Anonymous: leave Firebase and LDAP unset. The scanner is open and history is local. This is the default.
Firebase: set the PUBLIC_FIREBASE_* variables for Google / email sign-in and synced history.
Active Directory: set LDAP_URL for on-premise AD sign-in.

See Authentication for the full comparison and the Active Directory guide for AD setup. The Firebase variables are listed below.

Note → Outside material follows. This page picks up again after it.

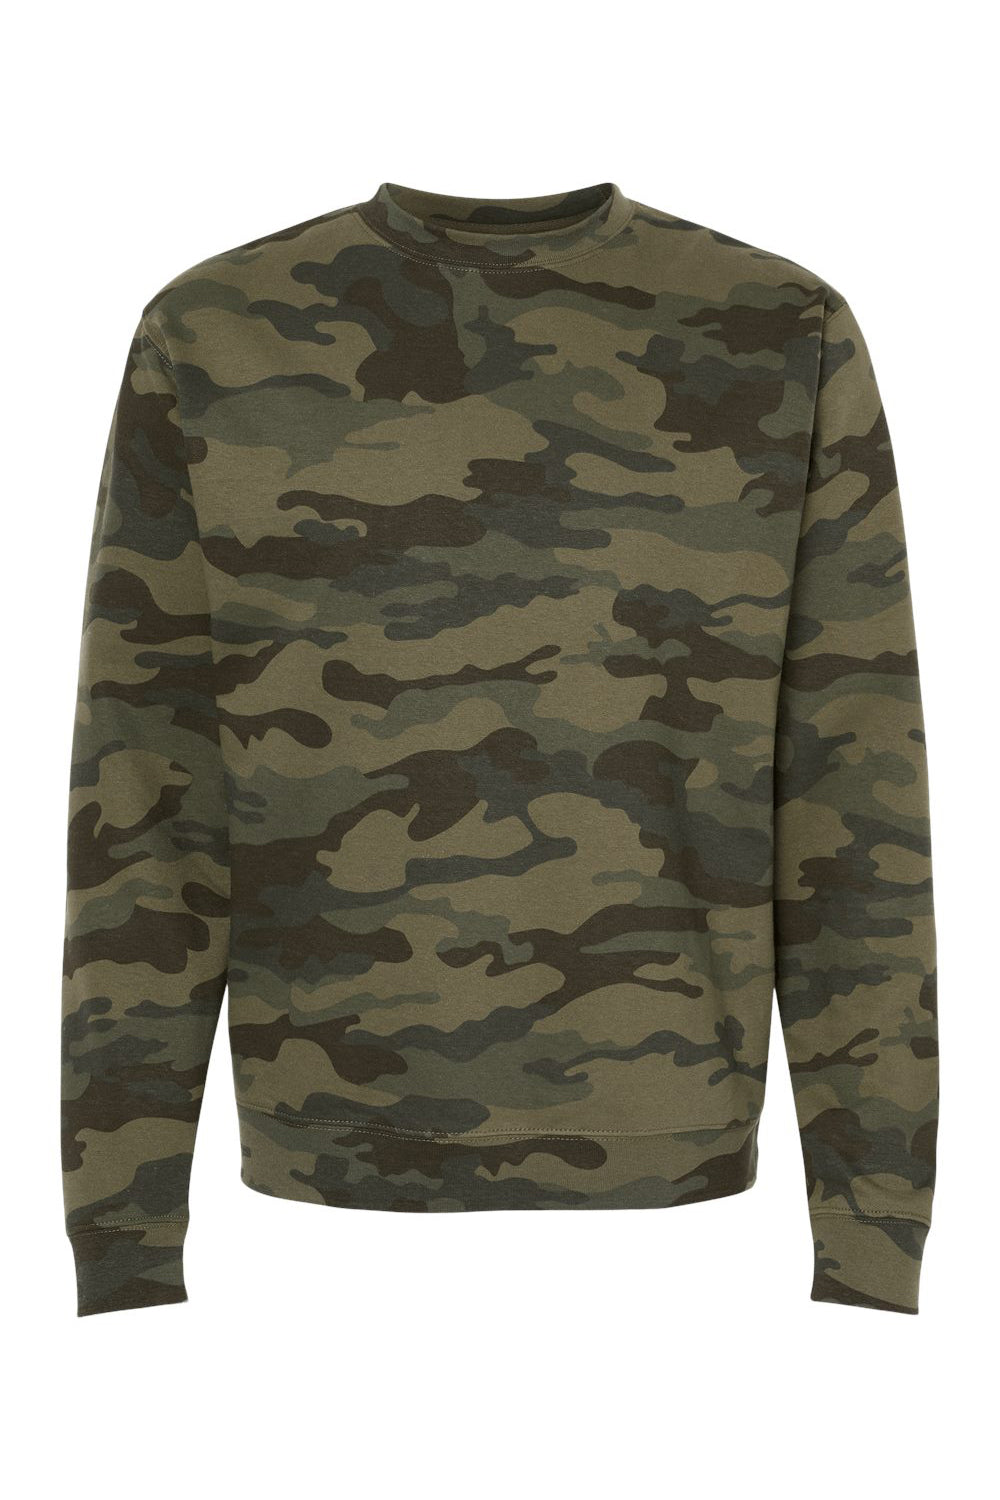 Independent Trading Co. SS3000 Mens Crewneck Sweatshirt Forest Green Camo Flat Front

# self-host without firebase: leave every PUBLIC_FIREBASE_* var unset (the default).
# self-host with firebase: set all six.
PUBLIC_FIREBASE_API_KEY=...
PUBLIC_FIREBASE_AUTH_DOMAIN=your-project.firebaseapp.com
PUBLIC_FIREBASE_PROJECT_ID=your-project
PUBLIC_FIREBASE_STORAGE_BUCKET=your-project.appspot.com
PUBLIC_FIREBASE_MESSAGING_SENDER_ID=1234567890
PUBLIC_FIREBASE_APP_ID=1:1234567890:web:abc

Free Tier Limits

Provider	Model	RPM	RPD	TPM	Cost
Google	Gemma 3 27B	30	14,400	15K	Free
Groq	Llama 3.3 70B	1000	14,400	12K	Free

Both providers block at their limits and never auto-charge. You cannot accidentally incur costs.

For the latest limits, see the official documentation:

Rate Limiting

Rate limiting is configured in src/routes/api/analyze/+server.ts:

const RATE_LIMIT = {
  maxPerMinute: 10,
  maxPerDay: 200
};

Adjust these values based on your expected traffic and API key limits.

Timeouts

Each provider has its own timeout. Vercel Fluid Compute is enabled by default and allows up to 300 seconds on the Hobby plan:

// Gemma: 90s, Groq: 30s → worst case total: 120s
const PROVIDER_TIMEOUTS_MS = [90_000, 30_000];

Gemma 3 27B typically takes 30-45 seconds for the full scoring prompt but can spike under load. The 90s timeout gives generous headroom. Groq responds in under 1 second but gets 30s for safety. If both providers fail, the system falls back to rule-based scoring on the client side.